Behind them the moon rose. It was the first night after full, and the fat moon turned the sky a thick twilight blue, which then infused the white snow under their feet. A world of blues: when they came to the broad ridge between loops, and could see far up and down the gorge of the Urdecha, and over the hills on both sides of it, the sky and the land were still so lit by the blue moonlight that they felt they could see everything. It was Mother Earth at her most beautiful, her every curve and declivity glowing distinctly; though blanketed by snow, it was in these moony nights that she looked most naked, the bare blue flesh of her hillsides smooth and curvaceous.
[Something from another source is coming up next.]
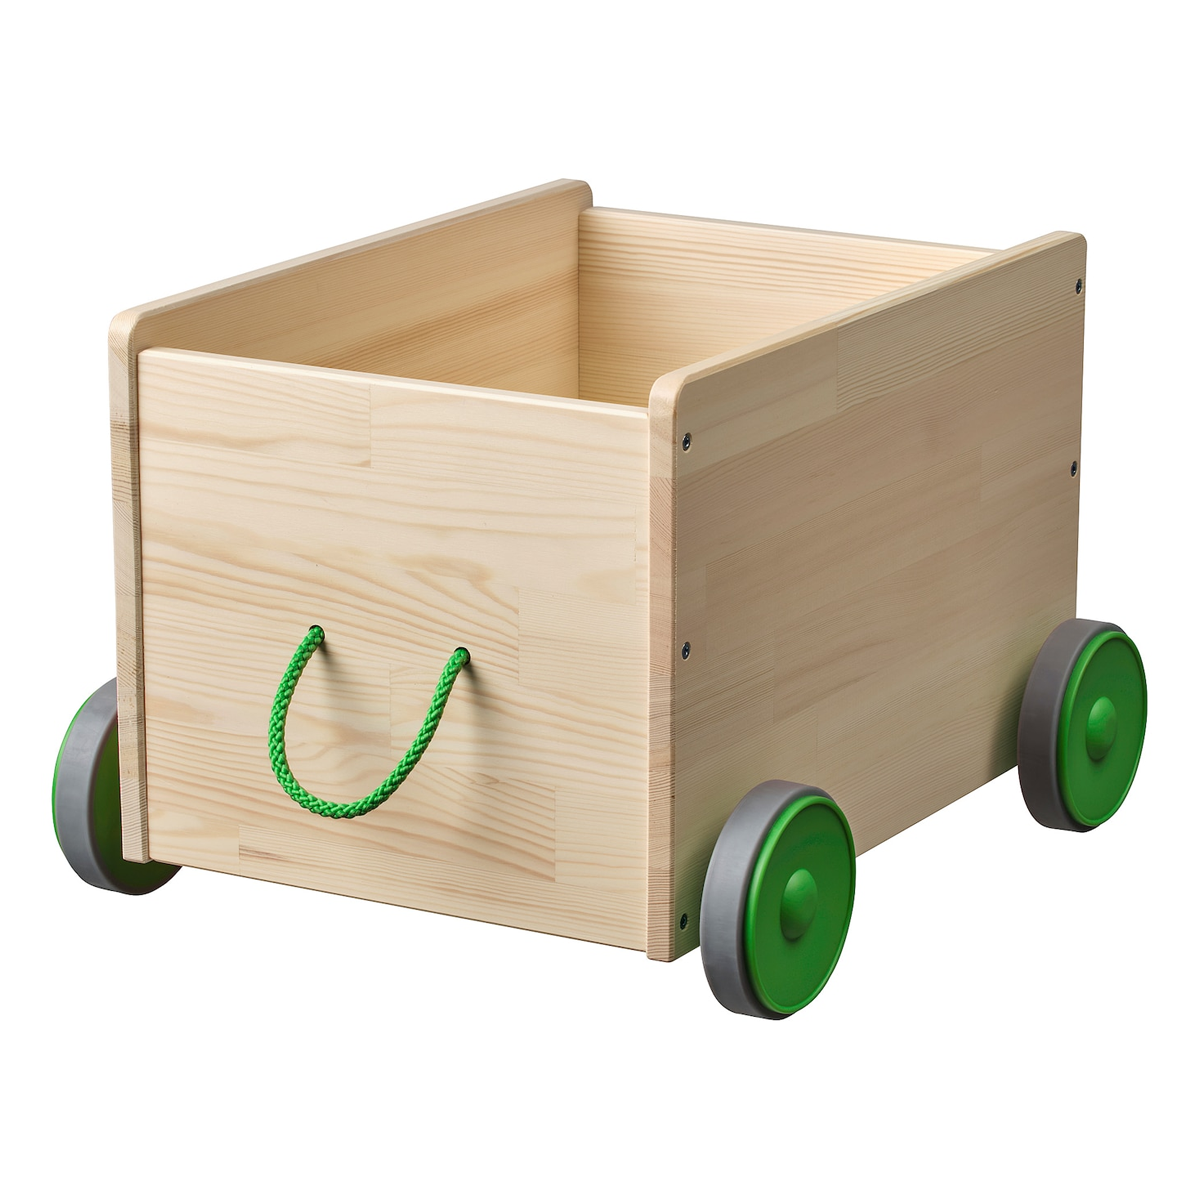 Toy storage with wheels - FLISAT
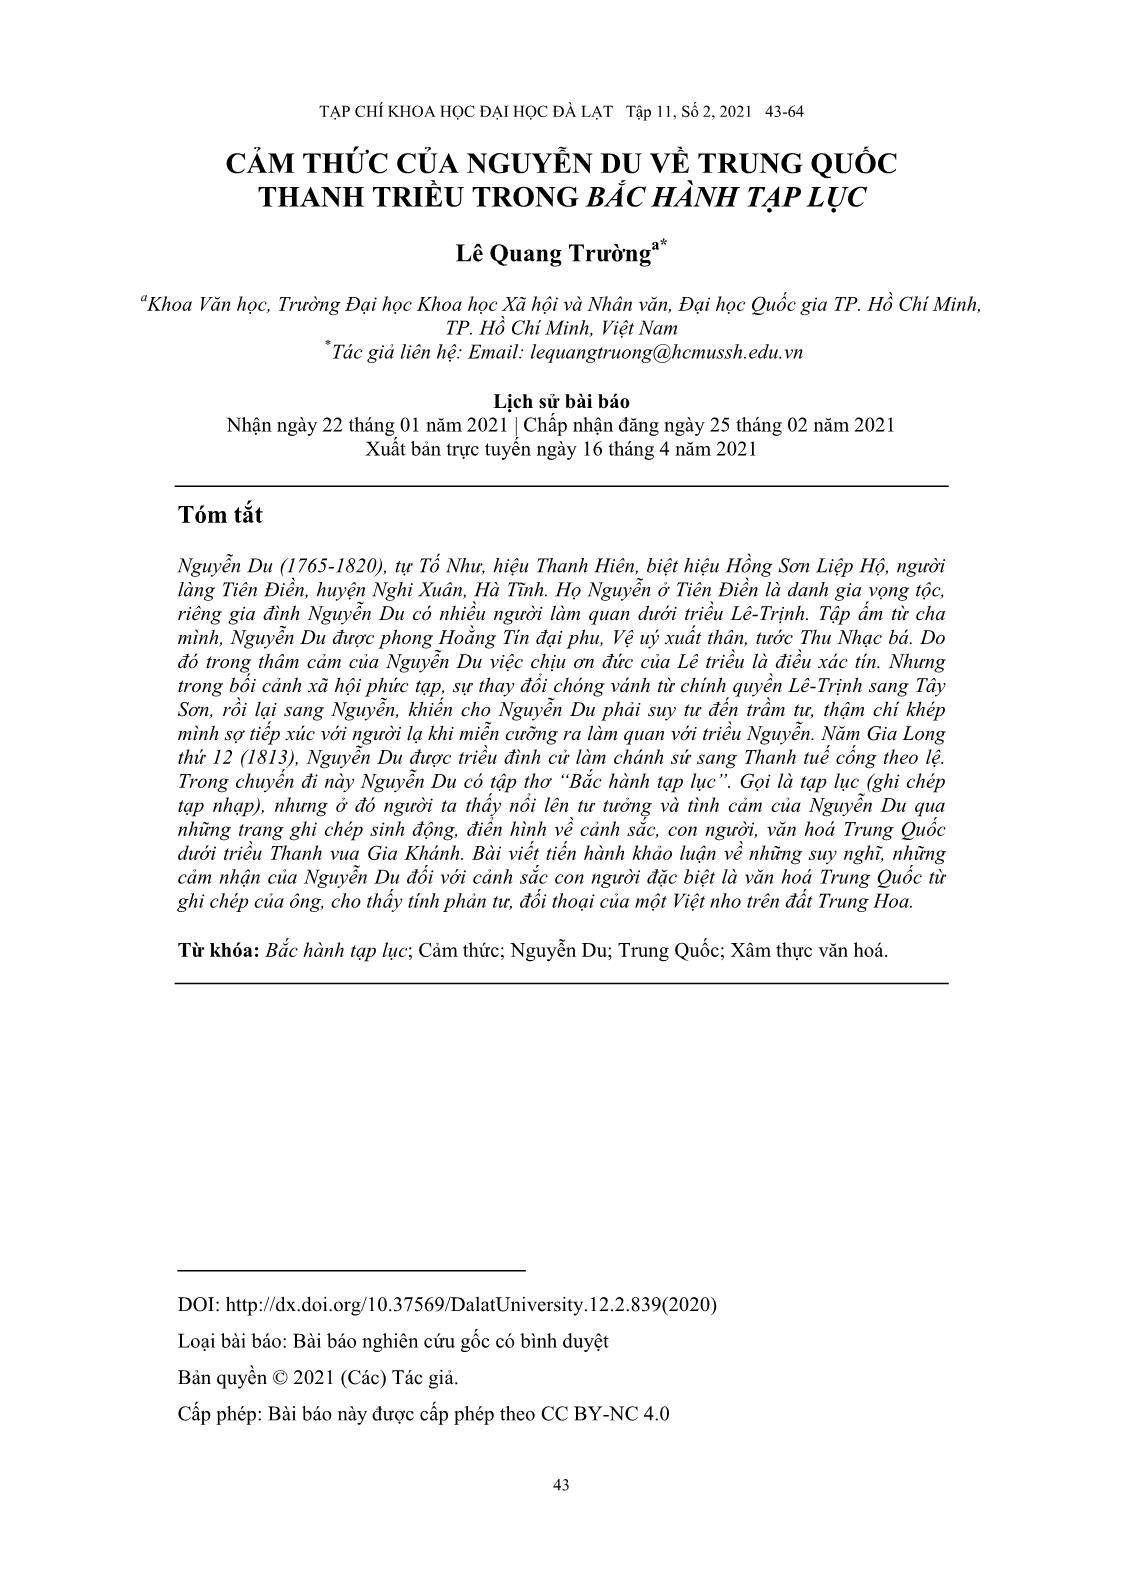 Cảm thức của Nguyễn Du về Trung Quốc Thanh triều trong “Bắc hành tạp lục” trang 1

Before the last drop to Loop Meadow they stopped and looked around wordlessly at it for a while. Nothing moved, no wind, no sound. It was like a spirit world, a world beyond the sky, where the stillness quivered with a mystery. The few stars were fat and blurry, and they swam about as Loon blinked and blinked in the cold. They stood inside a black starry bag, on a white body, and everything was much bigger than could be grasped. So many times they had gone out at night during full moons to see things look like this, all the way back to when they were little boys, slipping out of the big house when most of the women were in the women’s house and there was no one to catch them. Loon and Moss were the two who liked it most.